Notable DW content this week:
muccamukk posted: New Meta Newsletter, Signal Boosting, Linking, Dogpiling, and History, which contains a really astute analysis of the likely pitfalls of widespread signalboosting on DW - the only such discussion I've seen that remembers that LJ era fan discourse got pretty heated too. Muccamukk notes she was just involved in a Wrong On The Internet dispute that blew up fast because she linked to it, although it resolved relatively calmly within a week.
That is not always how these situations have ended though. I will fully admit that I took part in the J2 Haiti Fic pile on (and am memorialised by FanLore for doing so). At the time, it seemed really clear cut. It was right after RaceFail; the fic was indeed racist. It was a time when fandom was already talking about how to deal with racism in fandom. The discussion took off. Probably a hundred people wrote meta, including me, picking apart the OP's behaviour, and if we considered at all how the OP felt about it, it was that either a) they had it coming, and/or b) they were less important than the conversation that was happening. There was a feeling that fandom needed to have that conversation, and yeah it probably did, but looking back on it now, I don't think we needed to have it at the expense of some poor schmuck who wrote an offensive RPF fic.
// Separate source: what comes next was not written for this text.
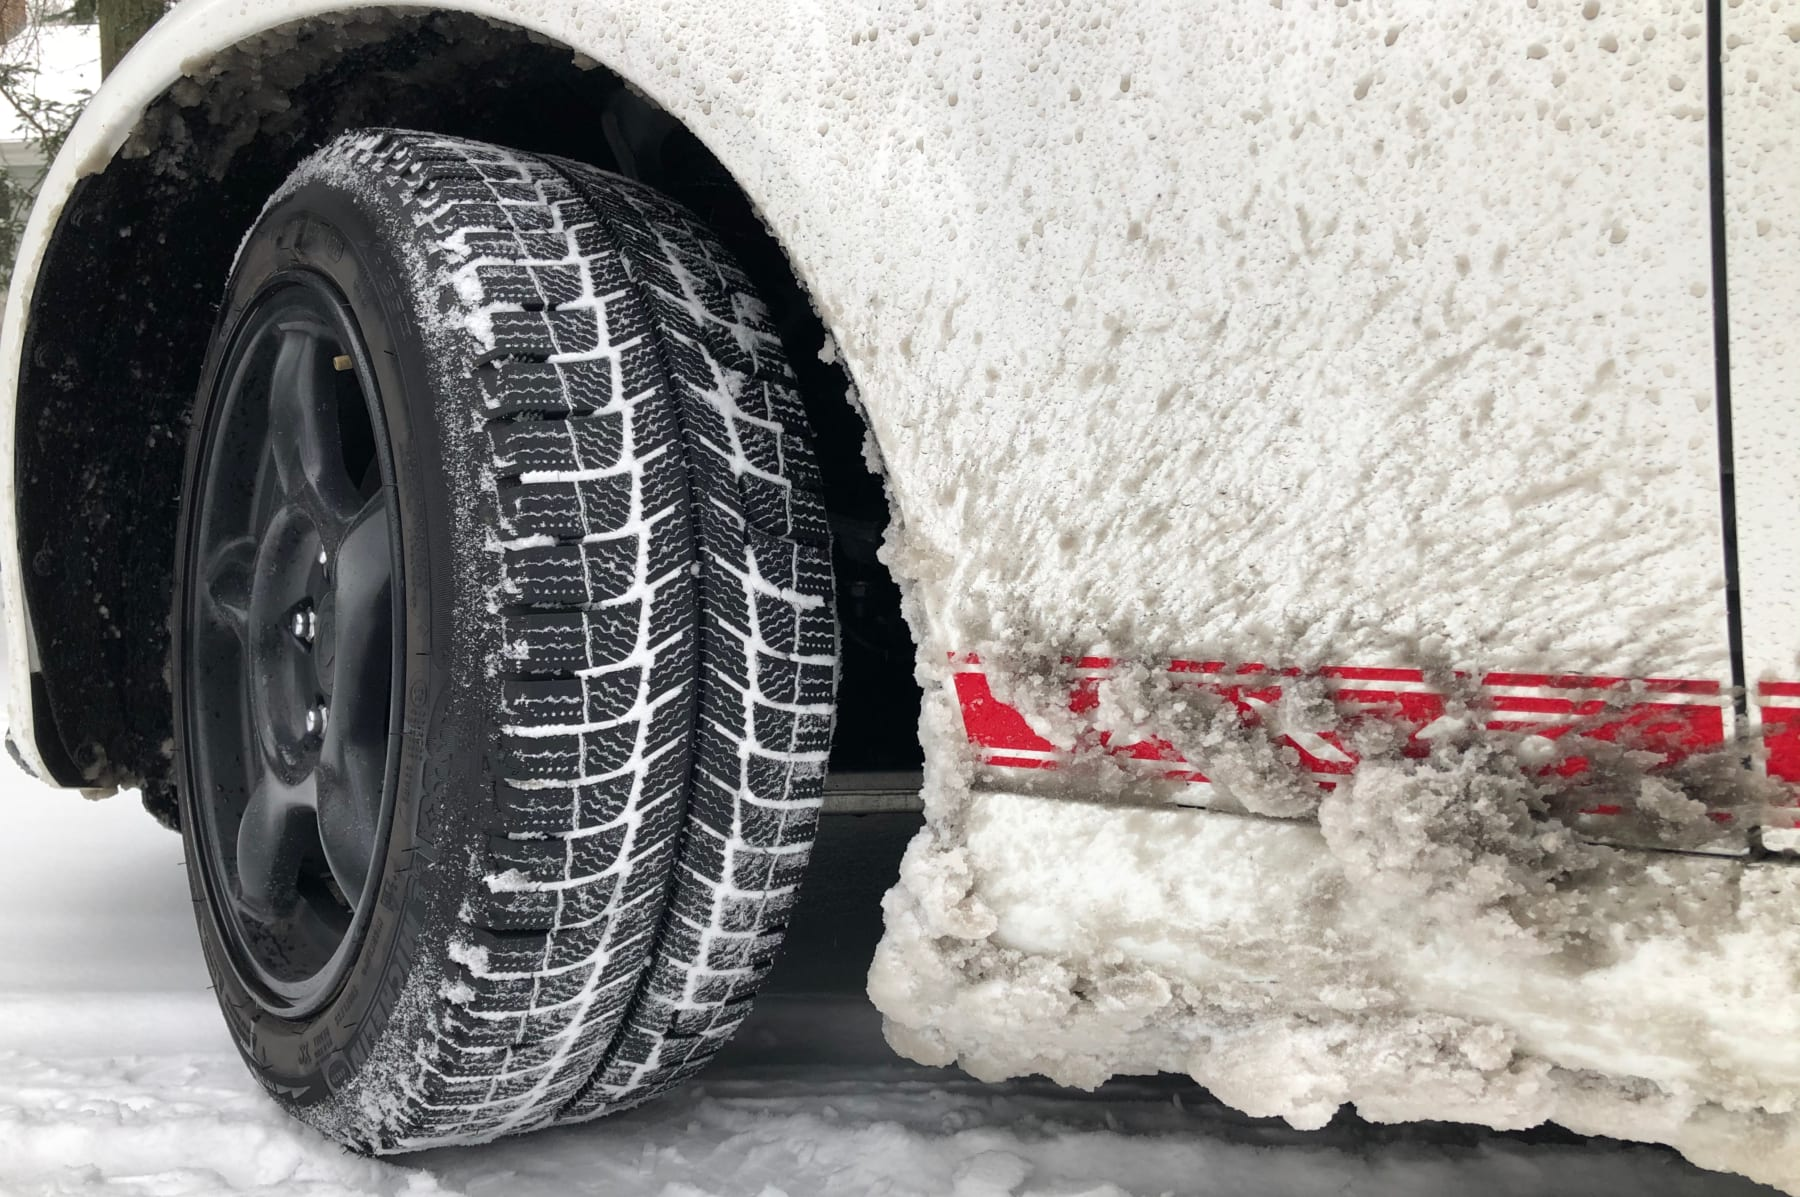 2013 Mazda Miata Club PRHT 6MT / Michelin X-Ice Xi3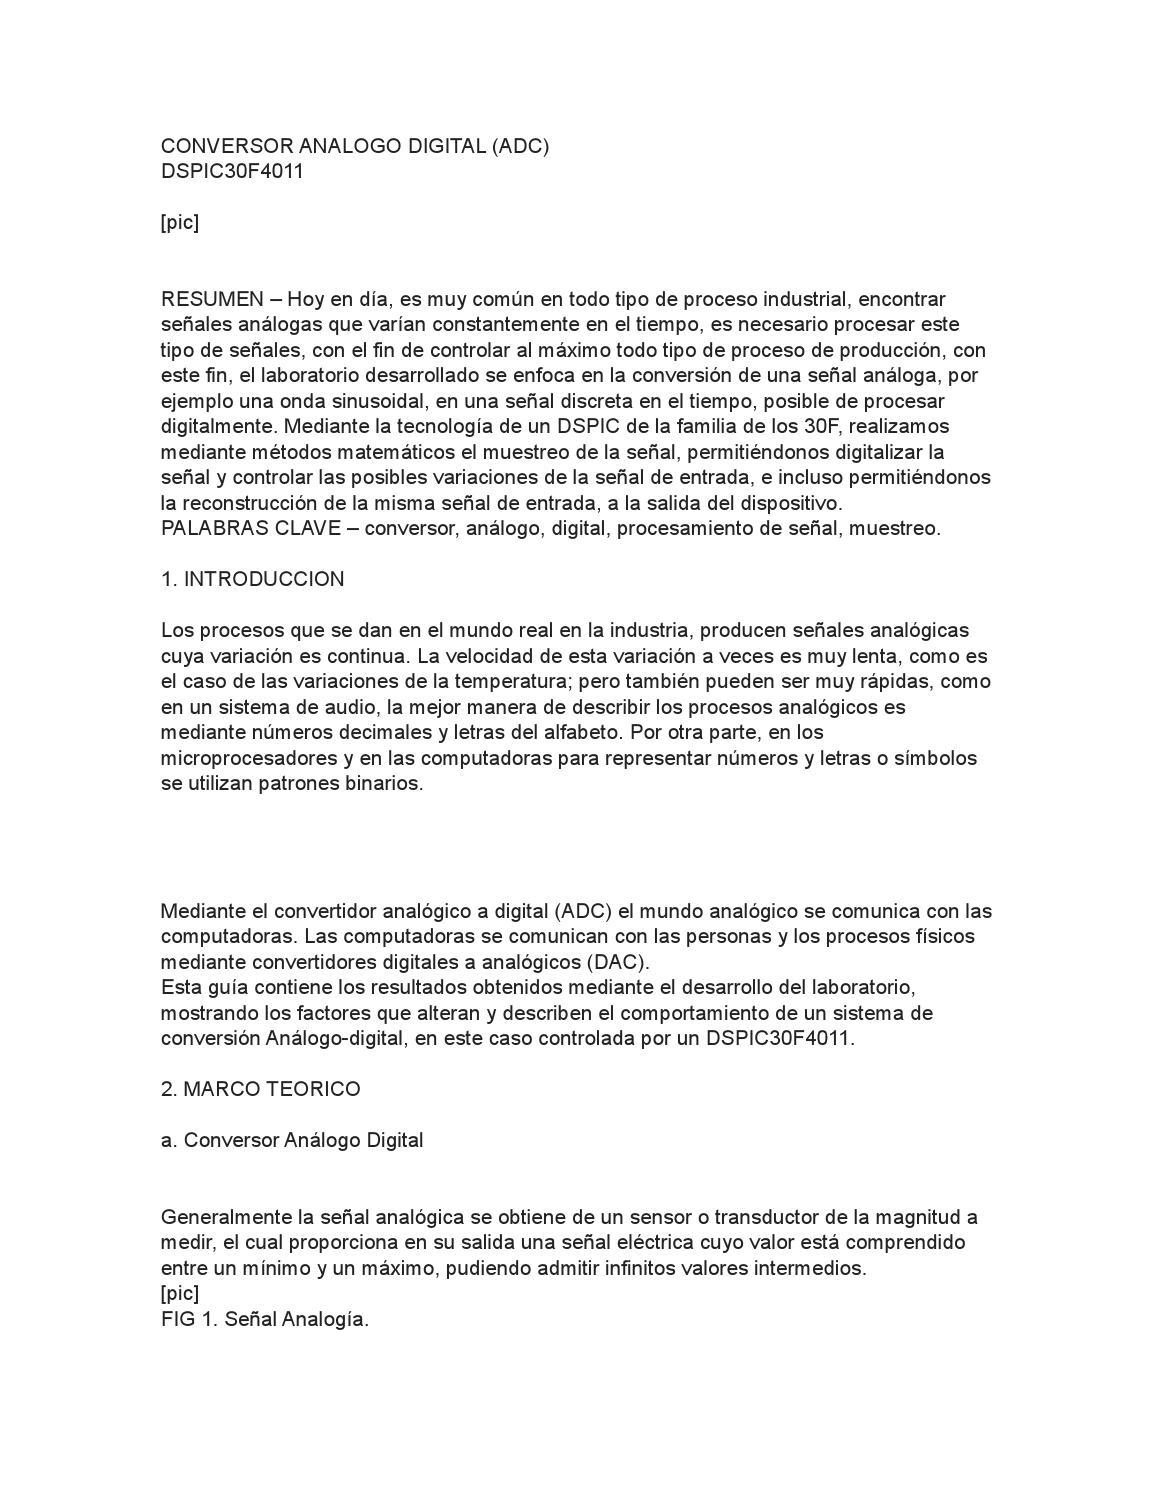 Conversor analogo digital by Eduuard Fraa Dedrick - issuu

Muccamukk goes on to offer a new policy for their negative signal boosts (one may be as ragefilled as one likes in Mucca's post, but one may not go be mean to the OP from Mucca's links).staranise works through some useful human interaction skills, to do with feelings and how to communicate them.
So part of figuring out how to express this emotion is to think, if someone becomes really concerned by my plight, what kinds of actions do you want to point them towards? This is both something my client can work towards personally, and a quest they can invite other people to join in on. We took the catastrophically huge emotion, "I feel alone all the time and I'm afraid I'll be alone forever," and worked backwards. If someone understood this fear and worked empathetically to allay it, what kinds of actions would we see from them? So my client said: "They'd invite me to things, I'd hang out with them, we'd have friends who did stuff together."
A bite-sized serving of this emotion therefore becomes: "I wish I had friends. I wish I had people to hang out with. I'm lonely here."
And then, instead of leaving it there and leaving your listener totally in charge of fixing your feelings, you tell your listener what actions you are taking to deal with that feeling. This is work they can encourage you in, validating both your loneliness and your effort. They can also, if they want, assist you.- Also
staranise has good thoughts about The Princess Bride.